# Digging Furniture and Walls



## Sharon&Jasper (9 mo ago)

Jasper will be a year old in a few weeks. For the most part I am able to divert his attention when he does something I don't like but indoor digging/scratching is driving me a bit nuts right now. He will paw at the arms of the couch when he's on the floor or the cushions when he's on the couch. He sleeps on my bed and I expect a little rearranging of the blankets to suit him, as my previous dog had done. The problem is when he starts really digging on the bed and he won't be distracted with toys or chews. Also, he sometimes scratches at walls in various rooms. This is not when he's confined or separated from me. He may do this a bit more when he hasn't had enough exercise. We've had a lot of rain lately so fewer walks. I've tried to compensate with indoor fetch but even so we've had more bouts of the zoomies. I'll have to pay more attention to confirm a relationship.
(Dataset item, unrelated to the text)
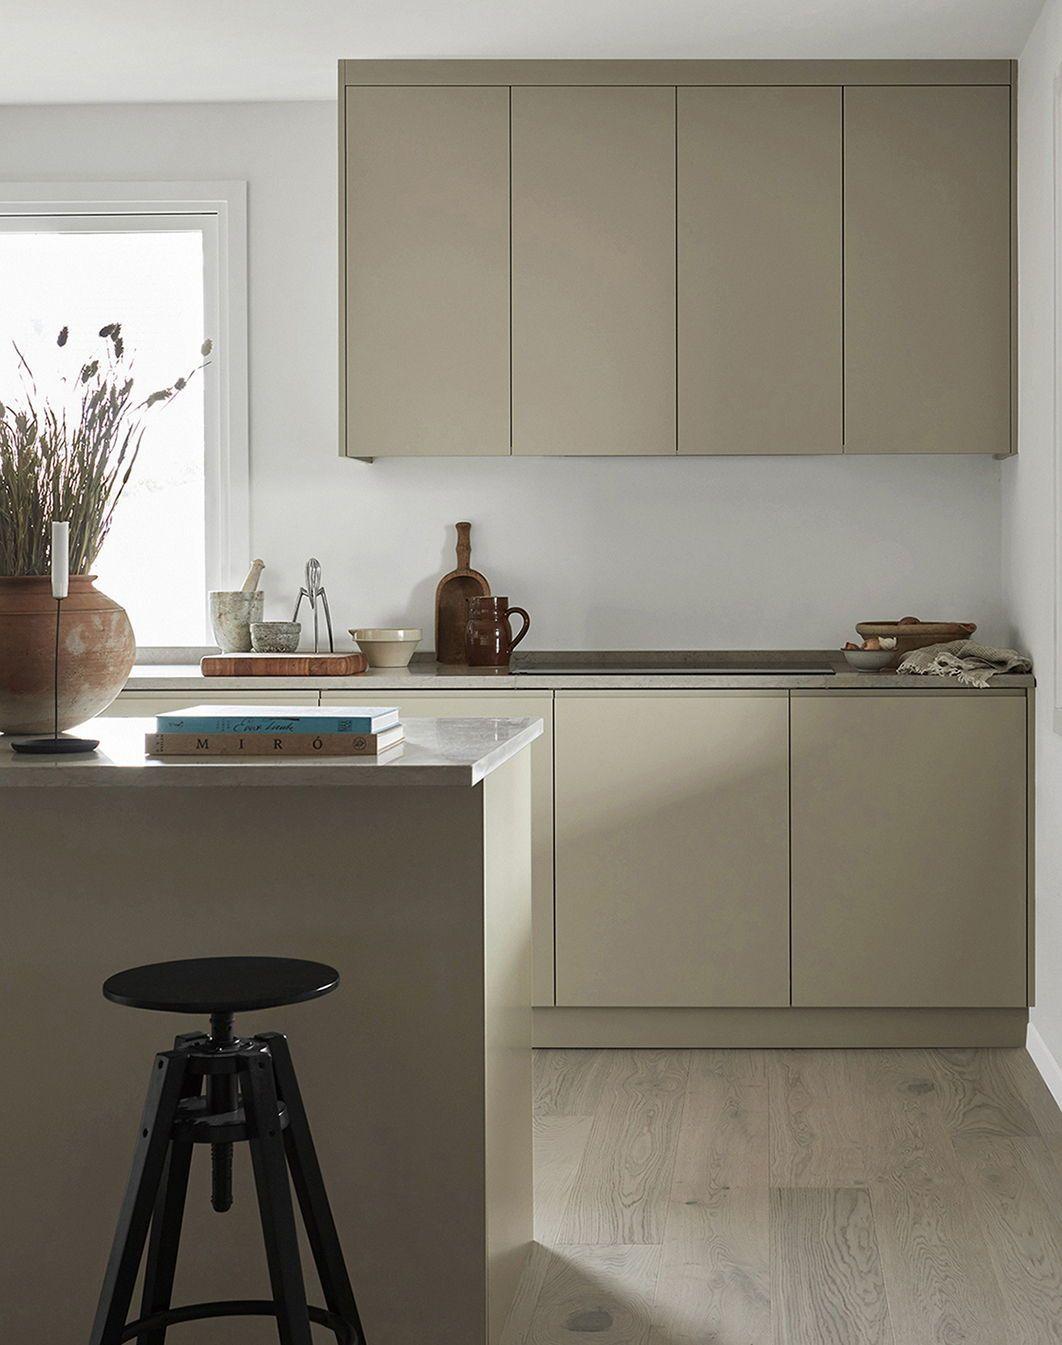 Cheap Rustic Decor – SalePrice:37$ Kitchen

Distracting him with toys isn't working right now. Last night I gave him a time out in his crate. He did stop the digging when I let him out but I'm not sure that is the best solution. My thought is that I should be giving him a command for a preferred behavior but I'm not sure what that should be. Settle or relax and down stay come to mind. These are things I need to work on anyway. Has anyone else addressed this problem?


----------



## LWalks (Feb 7, 2021)

Mine both love to dig, and I allow it on their beds (or anything on the floor) but not on the couch. The way I’ve done it, which worked pretty quickly, was to correct verbally (eh eh) or it could be giving a positive command like ‘settle,’ and if they didn’t stop, they were calmly but quickly removed from the couch. They love being on the couch so they caught on pretty quickly! This is similar to how I dealt with anytime I felt teeth when they were a puppy during play or any other undesirable behavior— immediately stopping the fun!


----------



## Tom King (Aug 2, 2006)

Sounds like he needs to burn off some energy.


----------



## Johanna (11 mo ago)

The digging behavior is something that I've noticed with my Oliver who just turned a year old. It's something I've watched curiously because it's been new to me and I've had many dogs in my household over the years. Ollie will sometimes just dig an imaginary hole in the floor (vigorously) but sometimes will do it on the bed or the sofa. After taking mental notes for months now, I've come to the conclusion that his digging behavior comes when he's trying to sort something out in his mind. He does it at times when I think he's feeling frustrated or confused about something and doesn't know exactly what to do... so he digs (he never digs outside). Or he's just bored and I'm not available to give him the attention he wants right this second. I think it's like a coping mechanism to him while he's trying to sort something out or settle himself. He will do it more when he can't get the attention he's craving. He loves to be center of everything!! And yes it's worse when the weather doesn't cooperate for outdoor exercise. It's gotten less as he's grown but he still does it. I can almost see his wheels turning now as he does it because I've been paying attention to when it happens and trying to figure out what leads up to it. If he's digging on the couch, then a simple "uh, uh!" will stop him... but he knows very well that when I make that sound he should stop whatever he's doing. I'll look forward to seeing other responses because I've experienced it too. But I can say that I think Tom is definitely correct in saying that he needs to burn off some energy (physically or mentally) when he starts the random digging.


----------



## krandall (Jun 11, 2009)

LWalks said:


> Mine both love to dig, and I allow it on their beds (or anything on the floor) but not on the couch. The way I’ve done it, which worked pretty quickly, was to correct verbally (eh eh) or it could be giving a positive command like ‘settle,’ and if they didn’t stop, they were calmly but quickly removed from the couch. They love being on the couch so they caught on pretty quickly! This is similar to how I dealt with anytime I felt teeth when they were a puppy during play or any other undesirable behavior— immediately stopping the fun!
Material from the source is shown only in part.